## Aim of the task
Starting at the line that contains "Chanel Vintage Caviar" and ending at the line that contains "an image of", the lines below are to be given again exactly, with nothing added.

## Source material
· · · ·

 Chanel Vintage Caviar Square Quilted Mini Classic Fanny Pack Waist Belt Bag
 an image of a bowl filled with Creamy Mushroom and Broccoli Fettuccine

· · · ·

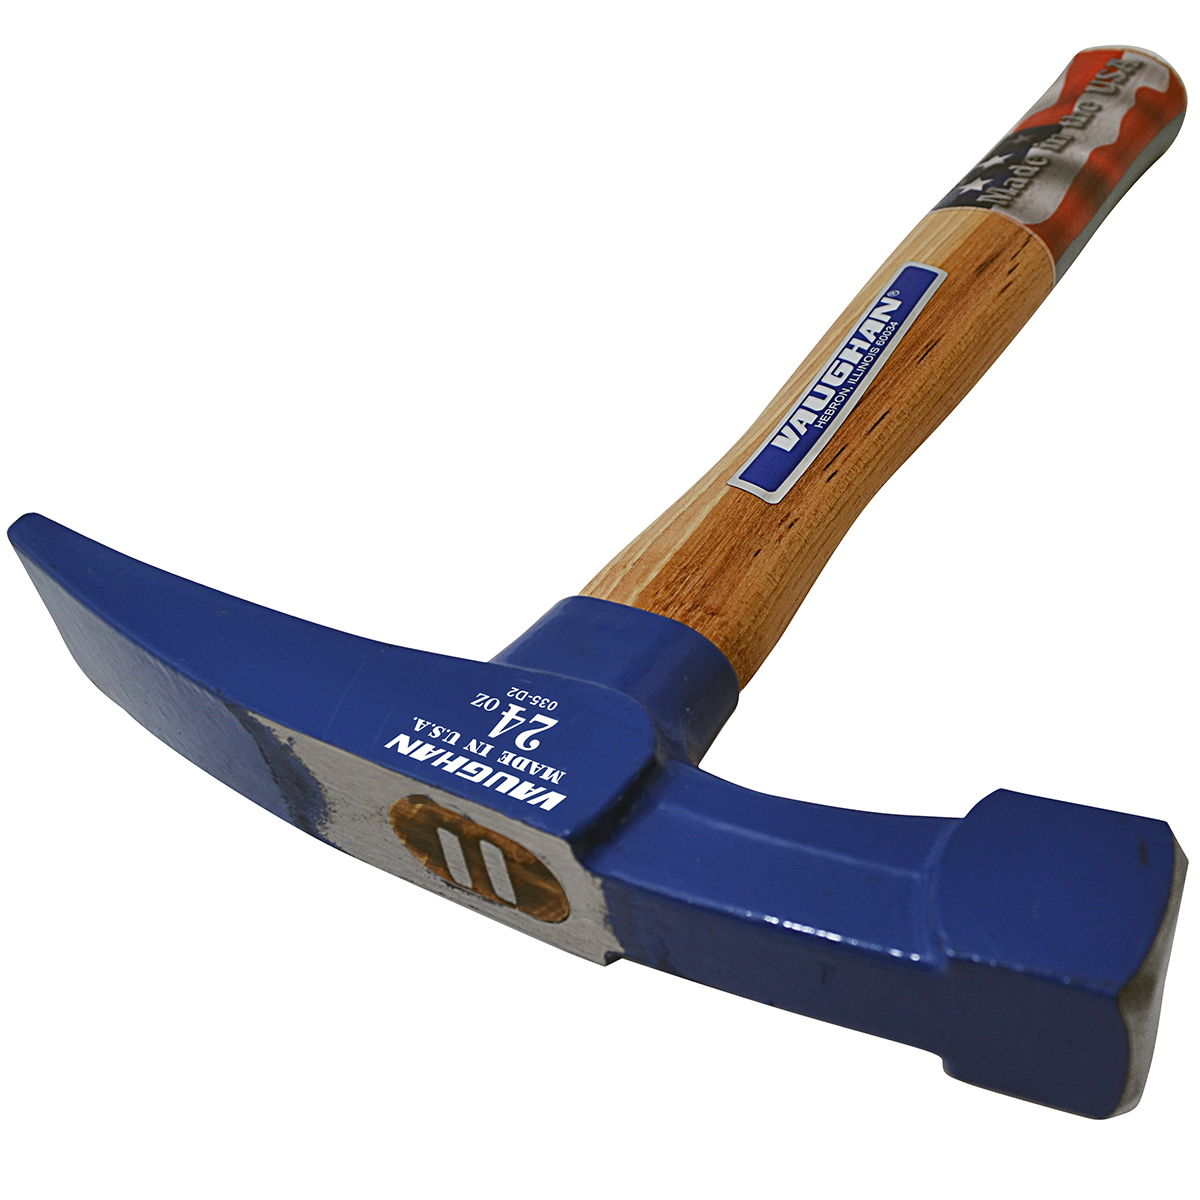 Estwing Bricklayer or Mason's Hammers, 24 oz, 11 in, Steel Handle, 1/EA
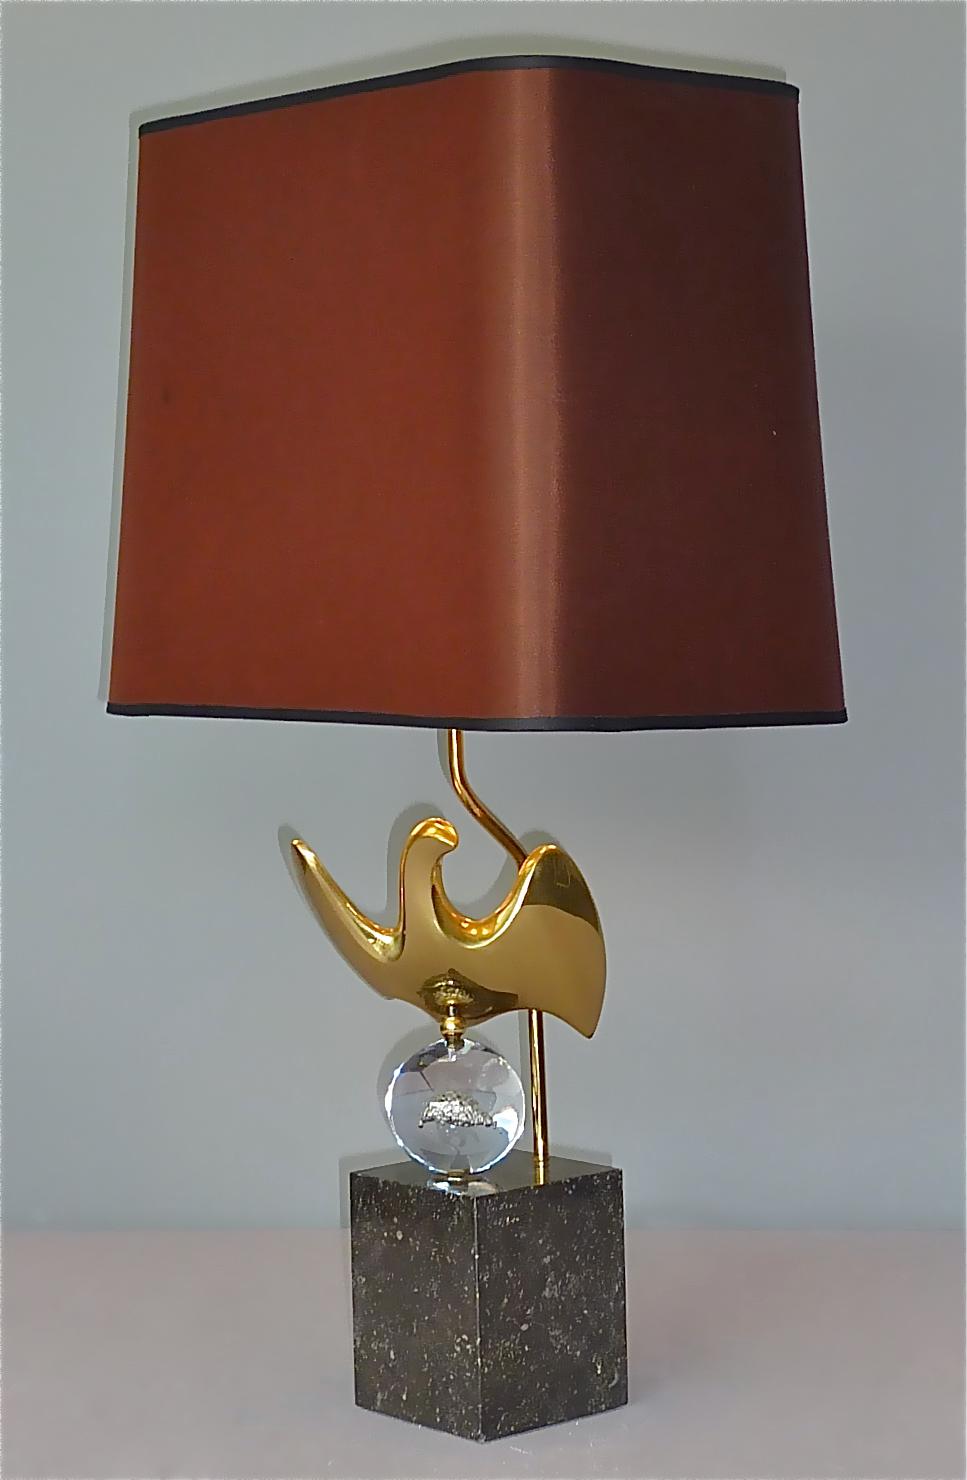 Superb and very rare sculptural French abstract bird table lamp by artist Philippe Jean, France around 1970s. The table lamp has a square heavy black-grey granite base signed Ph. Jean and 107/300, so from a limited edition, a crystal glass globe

· · · ·

## Solution for this exercise
 Chanel Vintage Caviar Square Quilted Mini Classic Fanny Pack Waist Belt Bag
 an image of a bowl filled with Creamy Mushroom and Broccoli Fettuccine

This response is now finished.